Moreover, when Bearer Tokens are passed as query parameters or in custom headers for debugging or logging, developers might inadvertently use these values in file system interactions, creating indirect traversal vectors. The risk is not limited to reading files; improper handling can enable overwriting critical configuration or application files. middleBrick’s 12 parallel security checks include Input Validation and Property Authorization specifically to detect such weaknesses, ensuring that path construction logic is verified against both spec definitions and runtime behavior.

Remediation focuses on strict input validation, path canonicalization, and avoiding the use of token-derived values in file system paths. Always treat user input as untrusted, even when it is derived from a Bearer Token. Use framework-provided utilities to safely combine paths and enforce strict allowlists for file access.

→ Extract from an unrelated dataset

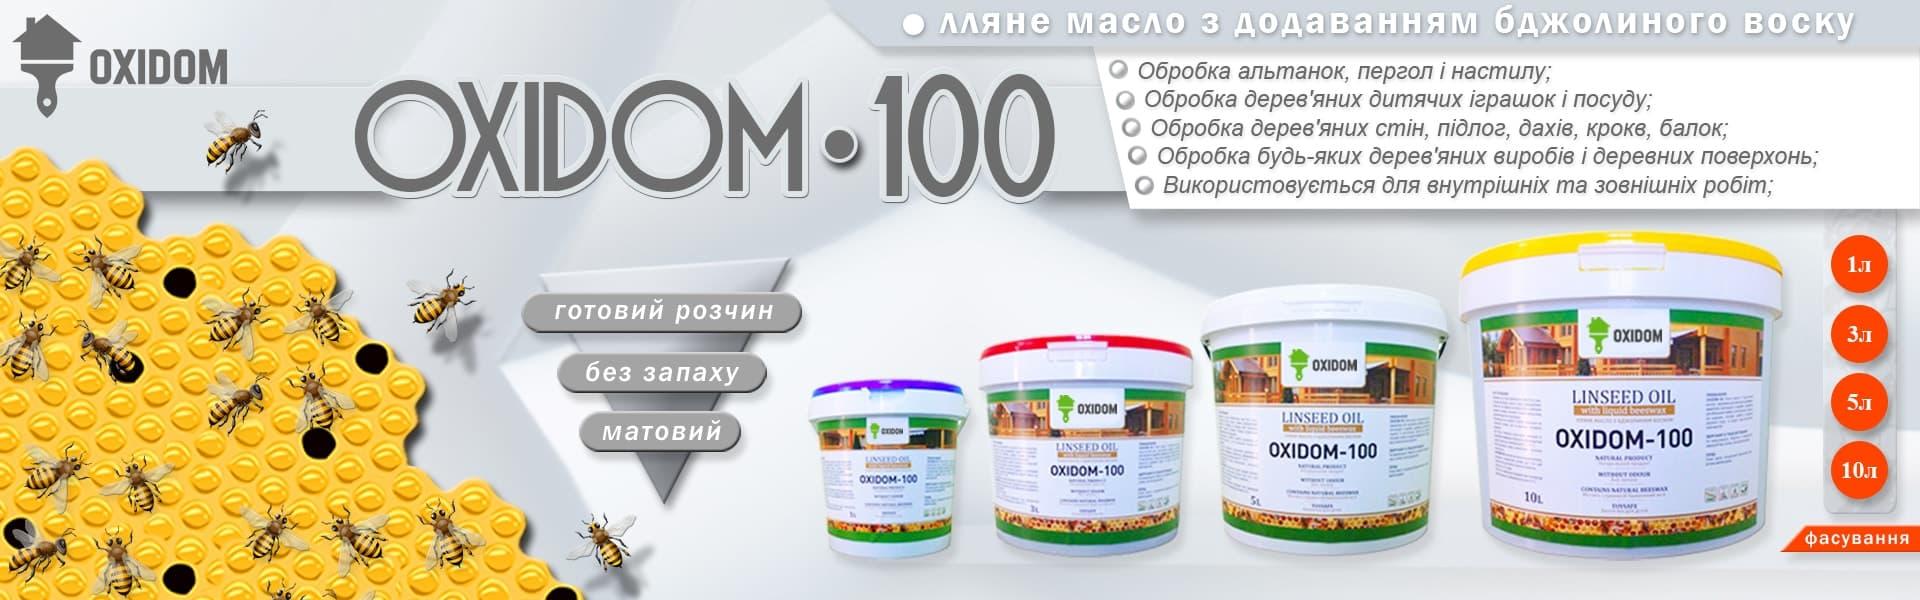 banner oxidom 100

Example 1: Safe file access using Path.Combine and Path.GetFullPath to prevent directory traversal. This approach ensures that resolved paths remain within a designated base directory.

using System.IO;

var baseDirectory = Path.GetFullPath(Path.Combine(Directory.GetCurrentDirectory(), "uploads"));
var userFileName = "document.pdf"; // Assume this is validated/sanitized
var combinedPath = Path.Combine(baseDirectory, userFileName);
var fullPath = Path.GetFullPath(combinedPath);

if (!fullPath.StartsWith(baseDirectory, StringComparison.OrdinalIgnoreCase))
{
    throw new UnauthorizedAccessException("Invalid path.");
}

// Proceed with file operations using fullPath
using var stream = new FileStream(fullPath, FileMode.Open, FileAccess.Read);

Example 2: Using middleware to validate Bearer Token usage without incorporating it into file paths. Instead of using token claims for path construction, map claims to an internal access control list that references safe resources.

app.Use(async (context, next)
{
    var authHeader = context.Request.Headers["Authorization"].ToString();
    if (authHeader.StartsWith("Bearer ", StringComparison.OrdinalIgnoreCase))
    {
        var token = authHeader.Substring("Bearer ".Length).Trim();
        // Validate token and extract claims without using claims for file paths
        var claims = ValidateToken(token);
        context.Items["AllowedBasePath"] = GetBasePathForUser(claims);
    }
    await next.Invoke();
});

// Later in a controller or minimal API handler
var basePath = context.Items["AllowedBasePath"] as string ?? string.Empty;
var safeFilePath = Path.GetFullPath(Path.Combine(basePath, userProvidedName));
if (!safeFilePath.StartsWith(basePath, StringComparison.OrdinalIgnoreCase))
{
    Results.Forbid();
    return;
}

Example 3: Enforcing strict filename patterns and rejecting paths containing traversal sequences at the API gateway or within model binders.

public static bool IsValidFileName(string filename)
{
    if (string.IsNullOrWhiteSpace(filename))
        return false;
    var trimmed = filename.Trim();
    if (trimmed.Contains("..") || trimmed.Contains("/") || trimmed.Contains("\\"))
        return false;
    // Allow only alphanumeric, underscore, dash, and dot within the filename
    return System.Text.RegularExpressions.Regex.IsMatch(trimmed, @"^[a-zA-Z0-9._-]+$");
}

// Usage in a minimal API
app.MapGet("/files/{name}", (string name) =>
{
    if (!IsValidFileName(name))
    {
        return Results.BadRequest("Invalid file name.");
    }
    var safeName = name; // Further path resolution as shown in previous examples
    // ...
});

These practices ensure that Bearer Tokens do not inadvertently influence file system operations and that path traversal risks are mitigated through canonicalization and strict allowlisting.